After the last of seven speakers alights from the podium, attendees file downstairs to the platform. The white lights of the train, deep in the recesses of the tunnel, illumine the tracks. When it pulls up, a cheer rings the air. Ellis gets lost in the crowd. A pair of young, black preteens stare as the two 95-ft. cars fill, the doors slide shut and the train pulls away.
On board, Richard Chapin, chair of the Sound Transit Citizen Oversight Panel, takes a seat. He smiles once the train exits the tunnel and enters the daylight of Fifth Avenue S. As the train courses up an elevated track, en route to the tunnel bored into Beacon Hill, he turns to survey the skyline of the city. Then the windows go dark as the train enters the tunnel.
The 14-mile line cost $2.3 billion. During construction, in February 2007, a worker died in the Beacon Hill tunnel, when he was thrown or jumped from a moving locomotive that crashed into a parked train. ["Light rail builder contests fine for accident," RC, March 25-31, 2009.] Chapin acknowledges him as the train stops at the Beacon Hill station.
Onward to Mt. Baker station, and Columbia City and Othello. Past the Rainier Beach stop, the train seems to levitate on an elevated track, the car rocking. "You can feel the vibration," Chapin says. Mt. Rainier sits outside the eastern window.
As the train approaches the Tukwila station, Chapin indicates the houses on the ground with his chin. He says, "This must be where people were complaining about the noise." On July 5, the Seattle Times reported that some Tukwila residents have voiced concern about screeching wheels as trains pull into the station.

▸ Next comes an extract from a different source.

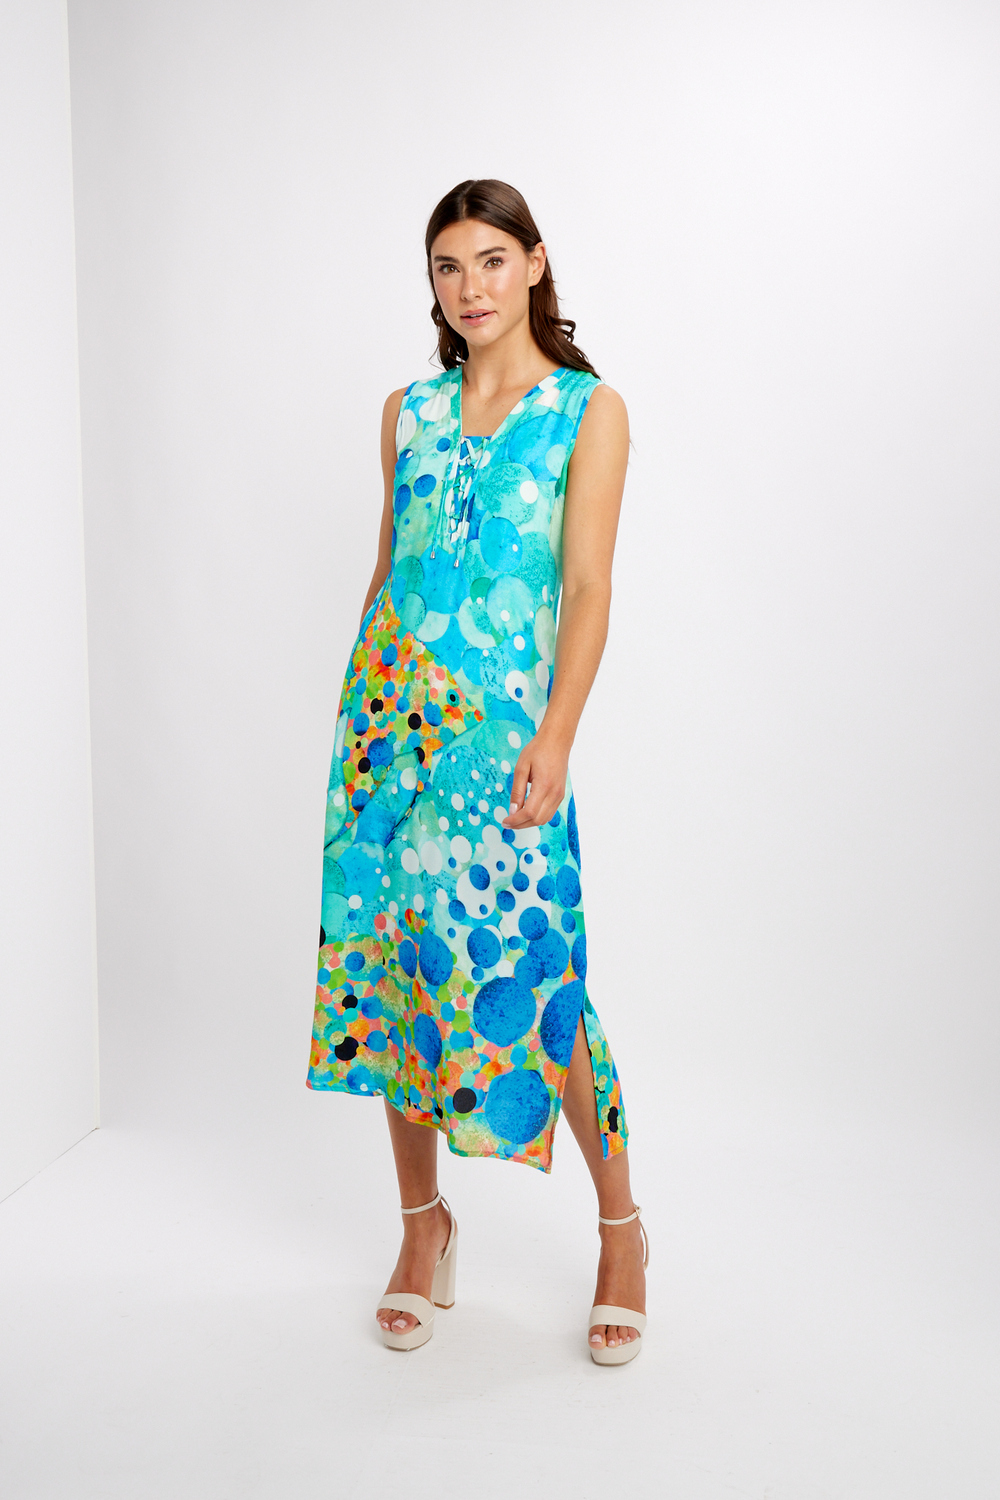 Sleeveless Square-Neck Midi Dress Style 24623. As Sample

Tukwila stands as the only station out of 12 with on-site parking, enough for 600 vehicles. "The challenge," says Chapin, "in the suburbs, [is] figuring out a way to get people from their houses to the light rail station without using an automobile."
Passengers disembark and mill around the elevated station. The ping of bells sends them back aboard.
In the second car, back into town, the excitement of riding the train remains high. People with Blackberrys send texts; others with iPhones snap pictures.
Looking out of the window is Ralph Shape, mayor of Seatac. By year's end, the light rail will extend to his city, granting access to the airport, a trip estimated to take 36 minutes from Westlake.
Walking down the aisle, shaking hands, comes City Councilmember Jan Drago. "Everybody running for office is on the train," Shape says, deadpan. Along with Drago, who's vying for mayor against Nickels, King County Executive hopefuls Dow Constantine, Larry Phillips and Ross Hunter converse with fellow passengers.
Sound Transit intends to extend the line to Capitol Hill and Husky Stadium by 2016. Long-range plans -- with a projected deadline of 2030 -- will encompass Federal Way to the south and Lynnwood to the north.
Exiting the Beacon Hill tunnel, the train surfs above I-5, clogged with Friday afternoon traffic. Ellis notes that, while there's "a lot of people bitching about the traffic all the time," the congestion occurs mostly during rush hour. "We got lots of room on the highway at midnight," he adds.
For the daylight hours, he views the light rail system as a clear necessity, one whose time has come. And while he could get riled up about the decades that passed before the idea solidified into reality, he opts for a different tack. "I don't choose to make war," he says. "I'm not going to do anything but celebrate."